# java, beat 95%, O(1) space solution

• very simple solution. The procedure is as following:

1. scan through the array
2. if the number should be at a position in front of the current position (smaller than the current index), swap the number to the correction position; if the new number at the current position is still smaller than the current index, keep on swapping
3. Now the array should be [1, 2, 3, ...] until the first missing positive number, find this number.

I've tested many cases, the numbers of swaps are always smaller than the length of the array. Any one help me to prove that this algorithm is O(n) time.

``````public class Solution {
public int firstMissingPositive(int[] nums) {
int n = nums.length;
for (int i = 0; i < n; i++){
int num = nums[i];
while (num - 1 < i && num > 0 && nums[i] != nums[num -1]){
// swap(nums, num - 1, i);
nums[i] = nums[num - 1]
nums[num - 1] = num;

num = nums[i];
// print(i, nums);
}
}
for (int i = 0; i < n; i++){
if (nums[i] != i + 1)
return i + 1;
}
return n + 1;
}

}``````

• The run-time complexity of the algorithm depends upon the number of swaps required on the input.
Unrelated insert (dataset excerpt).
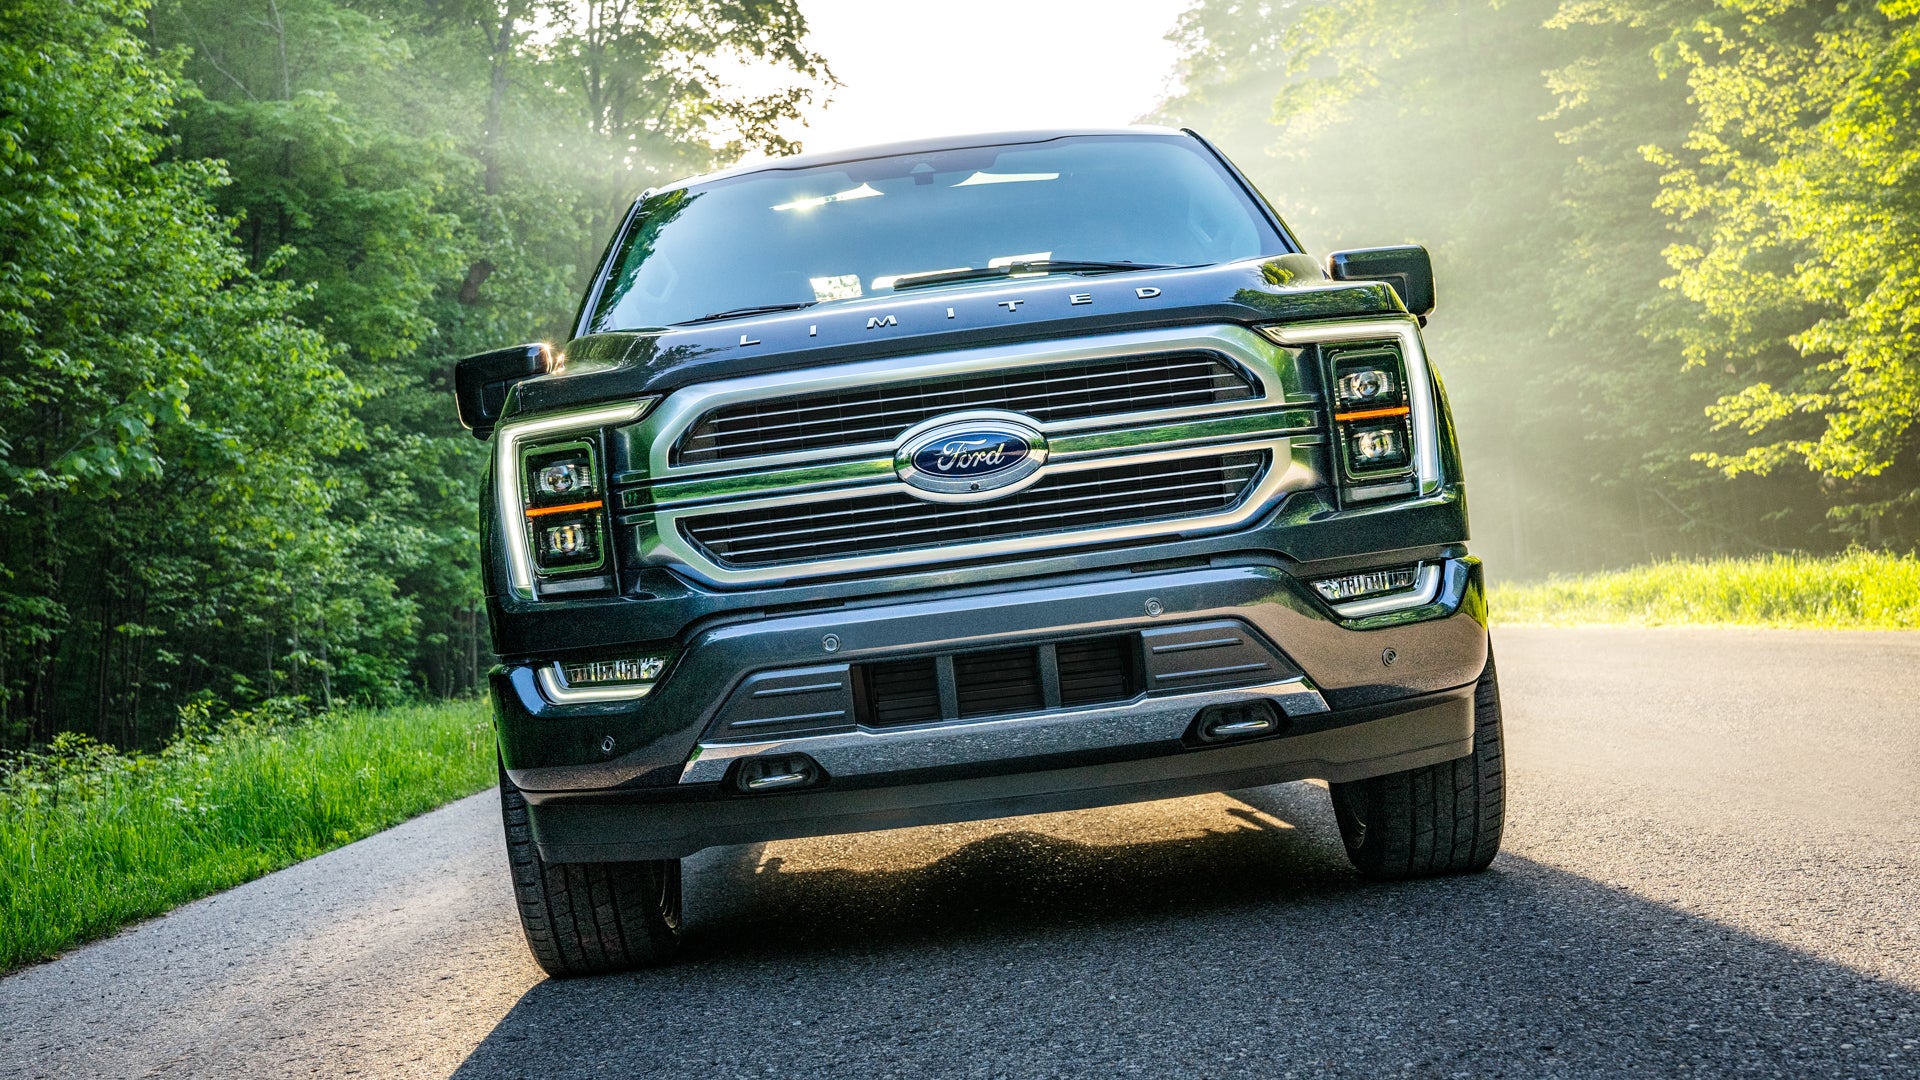 Ford wants to offer a bolt-on third axle for the F-150

There are 2 critical observations here:

1. A swap ensures that at least one of the two elements involved in the swap (at least the element that initiates the swap - index i element) is at its rightful position, and
2. Once a number is at its rightful position/index, it's never swapped again.

Therefore, given that there are n elements, and every swap ensures that at least 1 elements is never swapped again, there are at most n swaps required.

Thus, the first loop in your code runs in O(n) time. The second loop is a simple traversal and also runs in O(n) time. Thus, total runtime of algorithm is O(n).